Raw data START
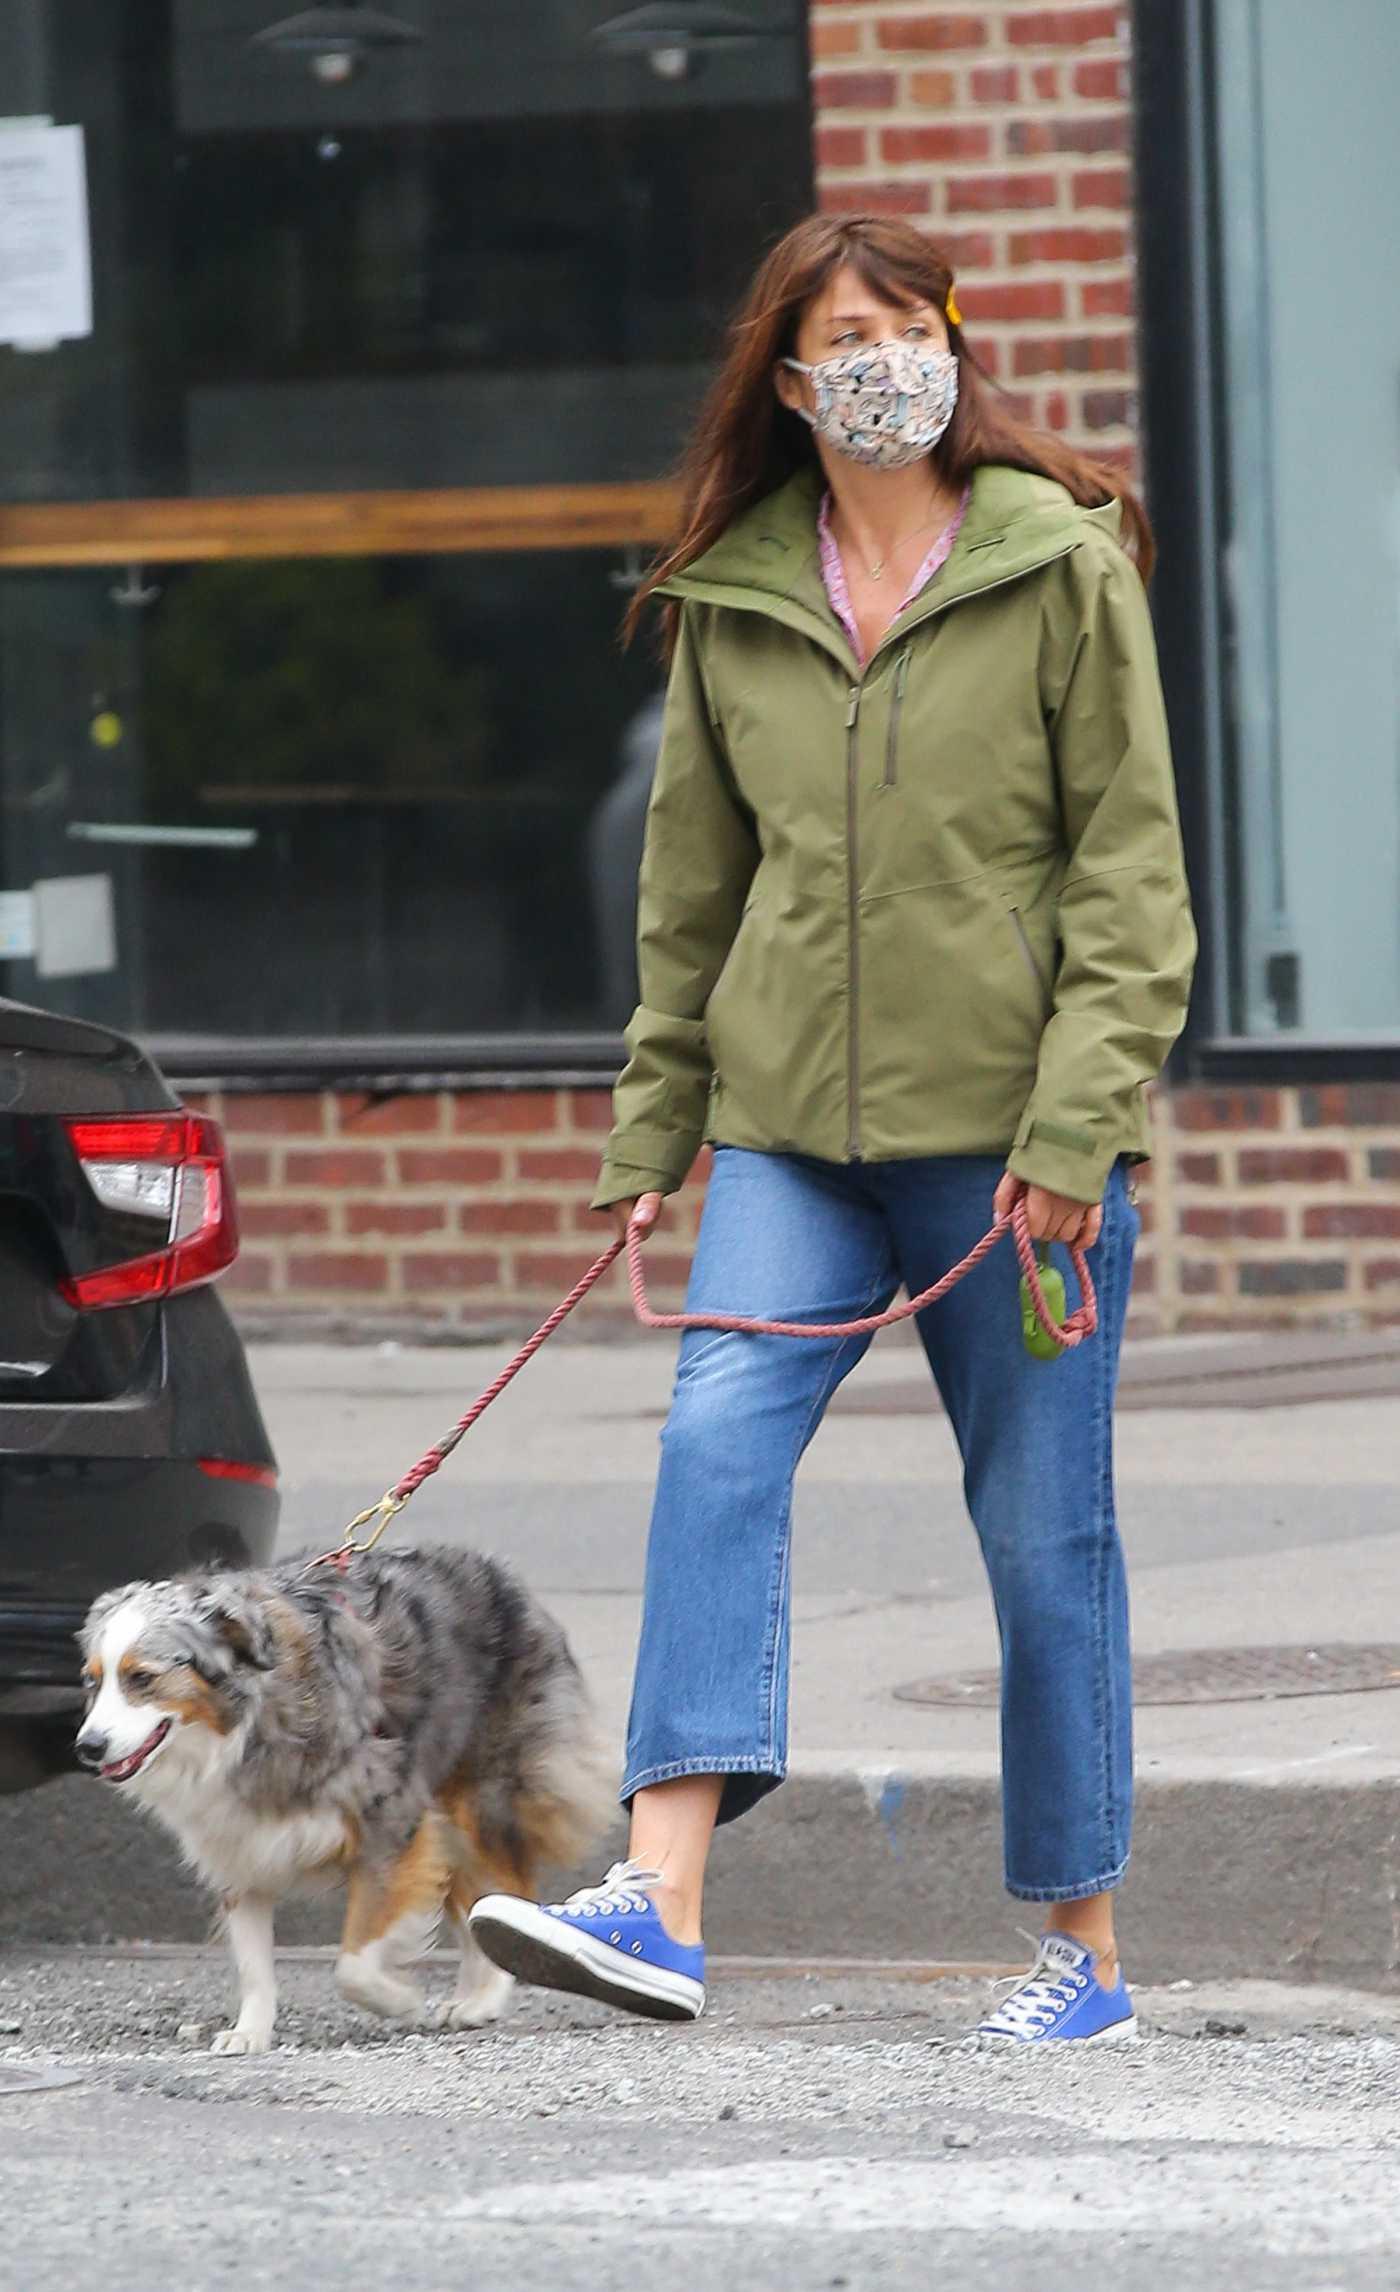 Helena Christensen in an Olive Jacket Walks Her Dog in the West Village 04/09/2021
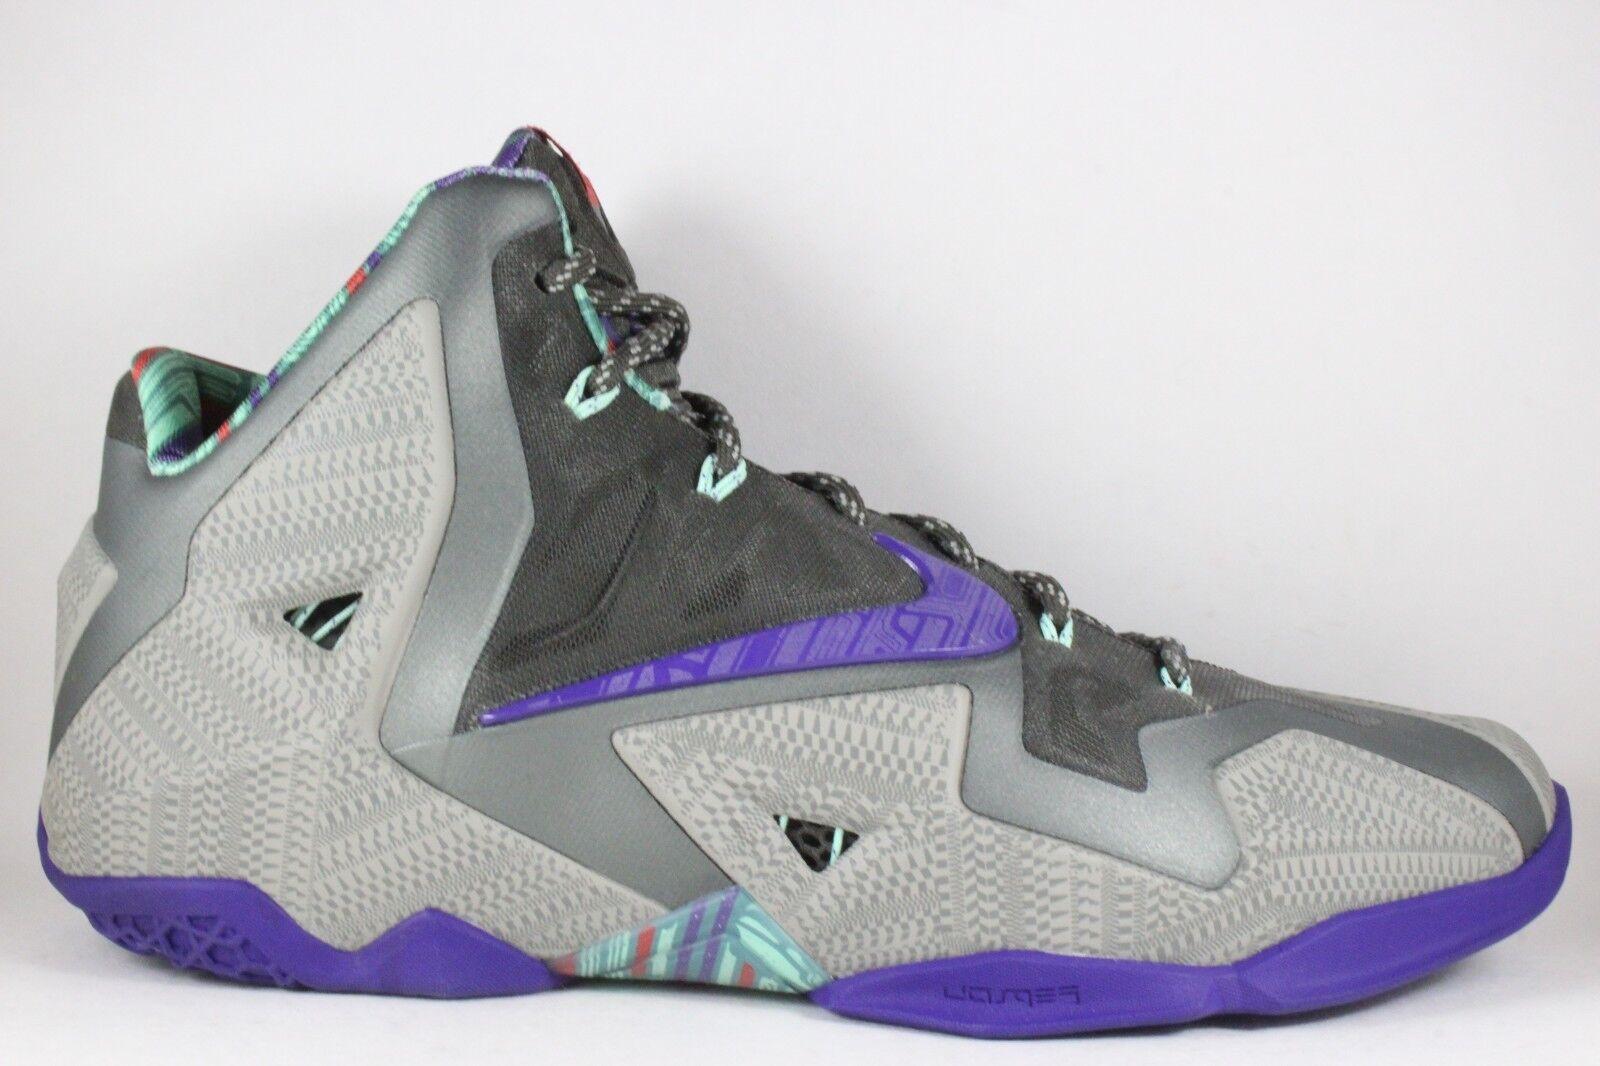 Nike LeBron 11 XI Terracotta Warrior size 11
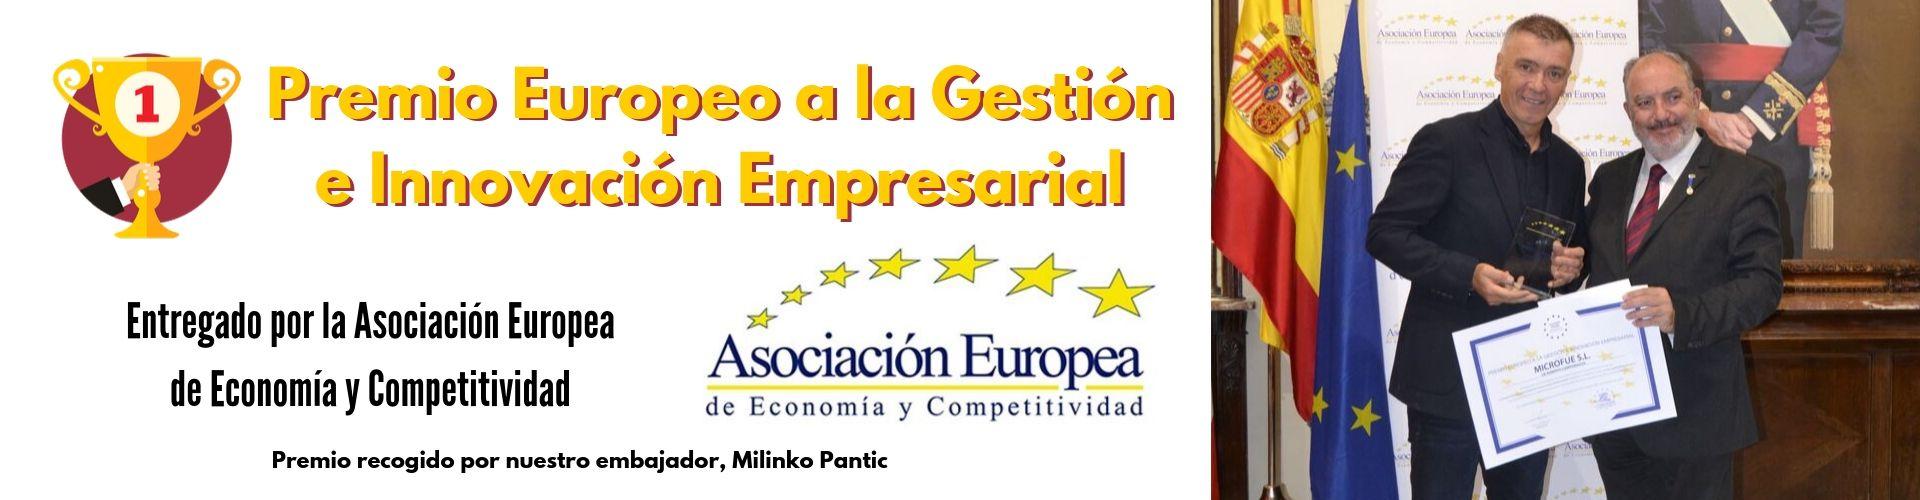 Premio europeo a la gestión e innovación empresarial recogido por microfue
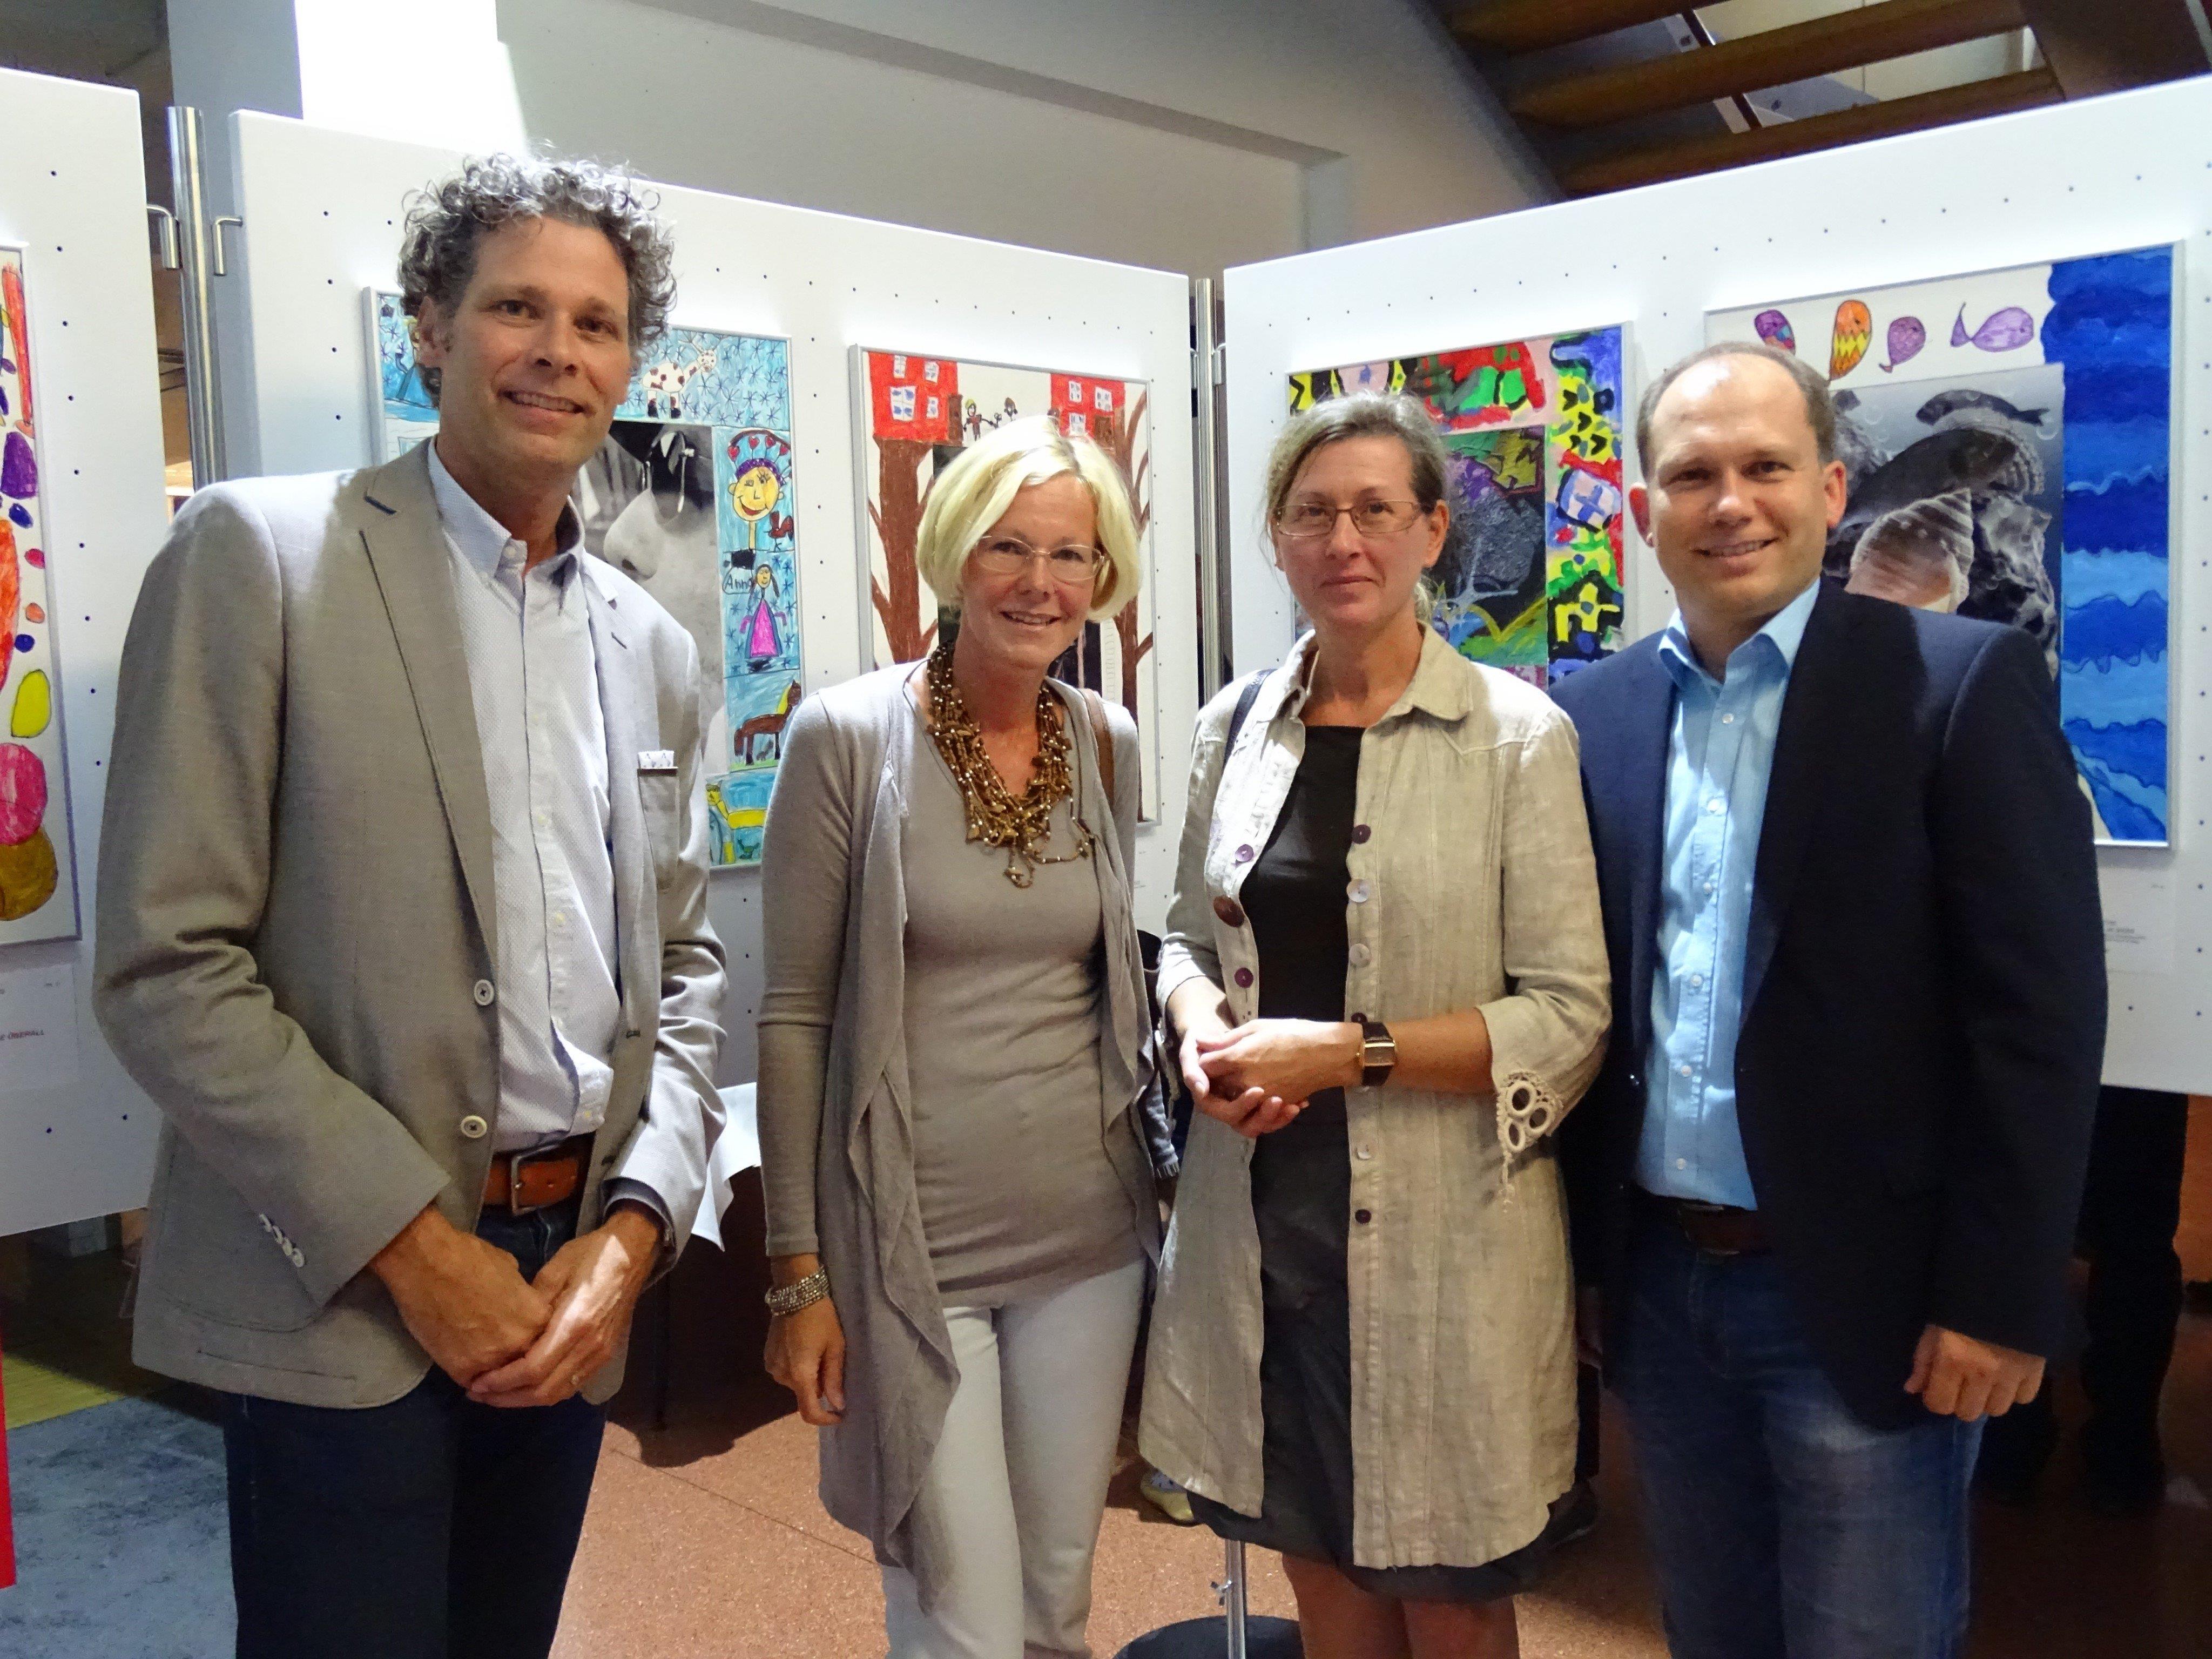 Waren begeistert von den kreativen Ideen: Fotoklub-Obmann Roland Huffnagel, Wilka Müller, Olga Friesenecker und BM Peter Neier (v.l.).
Raw data END
_What to produce_
The material shown above is to be repeated verbatim, and its pictures are to be omitted.

_Your solution_
 Helena Christensen in an Olive Jacket Walks Her Dog in the West Village 04/09/2021
 Nike LeBron 11 XI Terracotta Warrior size 11
 Premio europeo a la gestión e innovación empresarial recogido por microfue
 Waren begeistert von den kreativen Ideen: Fotoklub-Obmann Roland Huffnagel, Wilka Müller, Olga Friesenecker und BM Peter Neier (v.l.).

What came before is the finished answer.